Intuitively you know 1 does not = 2. But it appears by transposition that a =2a but that is because one assumes that ‘a or b’ = a number, which they do not, they are just a or b. a = 2a by the rules of algebra but are not / cannot be proved by the rules of arithmetic.
Theorem Two
Movement is impossible!
Proof
This is a proof by contradiction. Assume that movement is possible and derive a contradiciton, thereby proving movement to be impossible.
So suppose movement is possible. A runs 10 times faster than B. In a race B starts 10metres ahead of A. A can run 10mtrs / sec. The race starts, after 1 sec B goes 1mtr to position B2, A goes 10mtrs to position A2 but B is still ahead. In the next fraction of a sec A moves to position B2 but B moves to position B3 so B is still ahead. A moves to position B3 but B moves to position B4 and is till ahead of A. A cannot catch up or over take B. So by this logic after racing for infinity A could not move but infinity is in less than 2 seconds. So What if B starts (0.1mm x 10 to the power of minus infinity) ahead of A. Movement is impossible

This is again algebra comparing A in relation to B but contained within the rules of their own parameters in which time and space does not exist (but it intuitively exists to the reader) and not in relation to the real world where time does exist.
………………………………………………………………………………………………………………………..
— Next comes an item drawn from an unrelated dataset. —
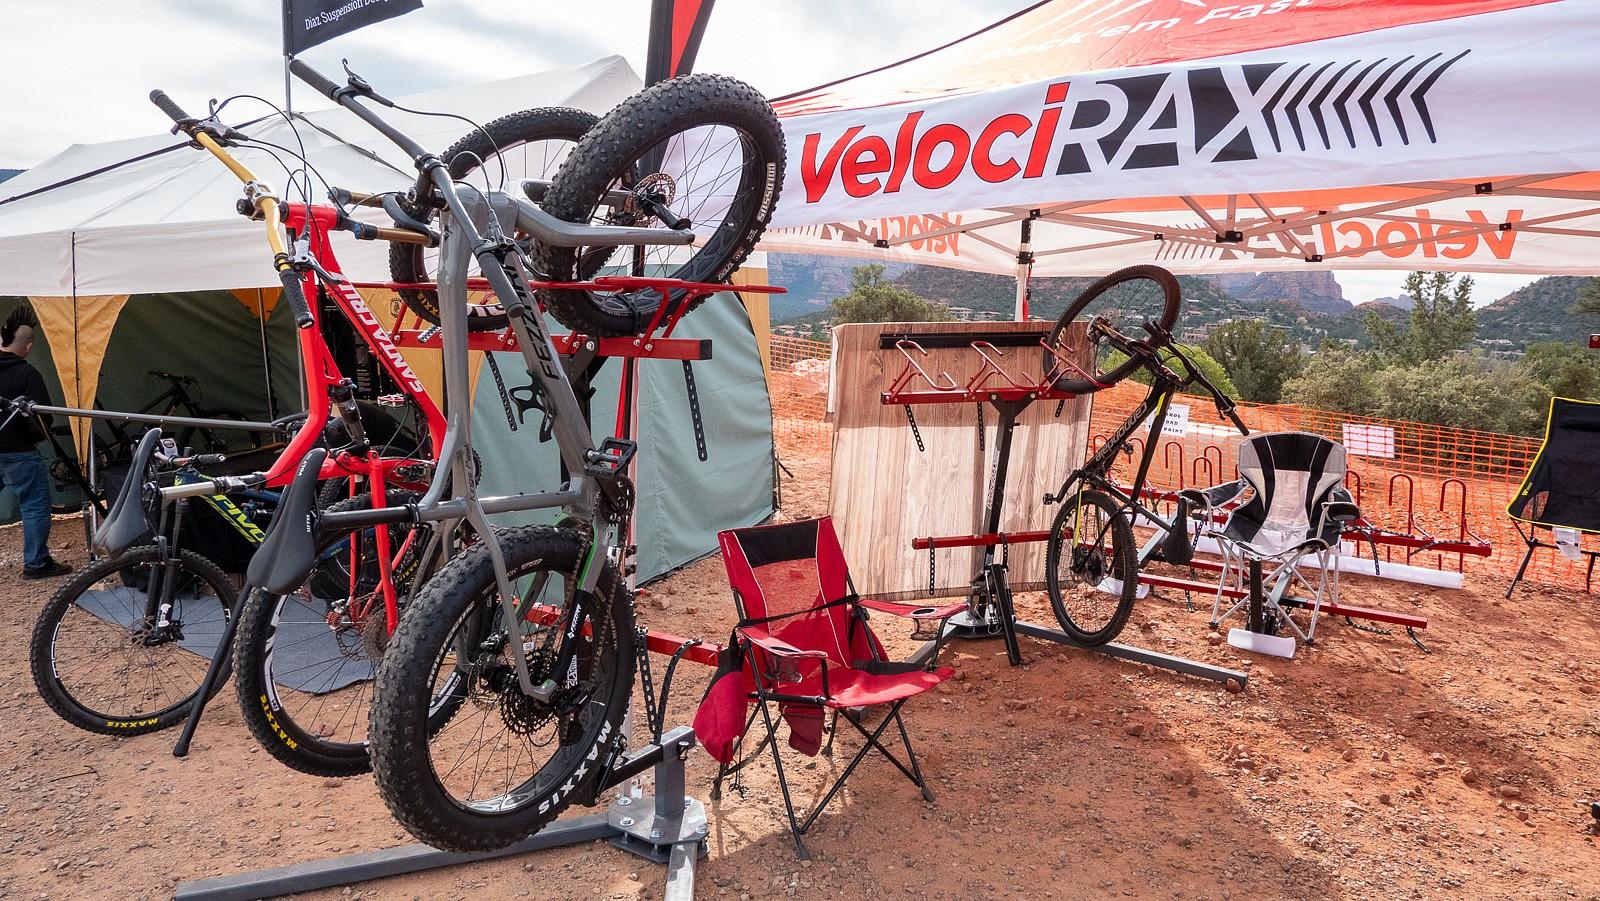 Veloicrax at Sedona - PIT BITS 2 - Sedona Bike Festival 2020 - Mountain Biking Pictures - Vital MTB

In the early years of the twentieth century, two English philosophers, Bertrand Russel and Alfred Whitehead, adopted the black-and-white view. They tried to formalize all of mathematics by carefully spelling out all axioms, (Statements which are true (within the parameters of the criteria of the rules for the statement,which is all truths)) and then deducing every possible true statement, all of mathematics. During the course of this project, Russel came up with a famous paradox which bears his name.
Russel's paradox goes like this:
Divide all possible sets into two groups: the group of sets which contain themselves and the group of sets which do not contain themselves. Into which group does the set of sets which do not contain themselves go?

Indeed, the goal of proving all possible true statements turned out to be an impossibility. This was proved by Kurt Gödel, an Austrian philosopher mathematician. He showed that in any consistent system which was reasonably complicated (on the level, say, of arithmetic) it was possible to write down in the language of that system a statement that basically meant this statement is true but unfortunately not provably so. The consistency of the system necessitates the statement's being true (can you see why?) -- but that means you can't prove its

I take this to mean that it is possible to prove that a statement, made about a certain system, is true by using the criteria of the rules for that system. It is impossible to prove that statement wrong without using criteria outside of the rules of the original system, which make the counter proof invalid which, by the same logic, also means it is impossible to prove the original theory.

One could say then that this leads to a paradox such as the argument in this thread about Rothbarts insoles. One can only disprove his system by using rules of another system which are not valid for analysis of the original Rothbart system.

Touchee!!. Makes you think doesn't it.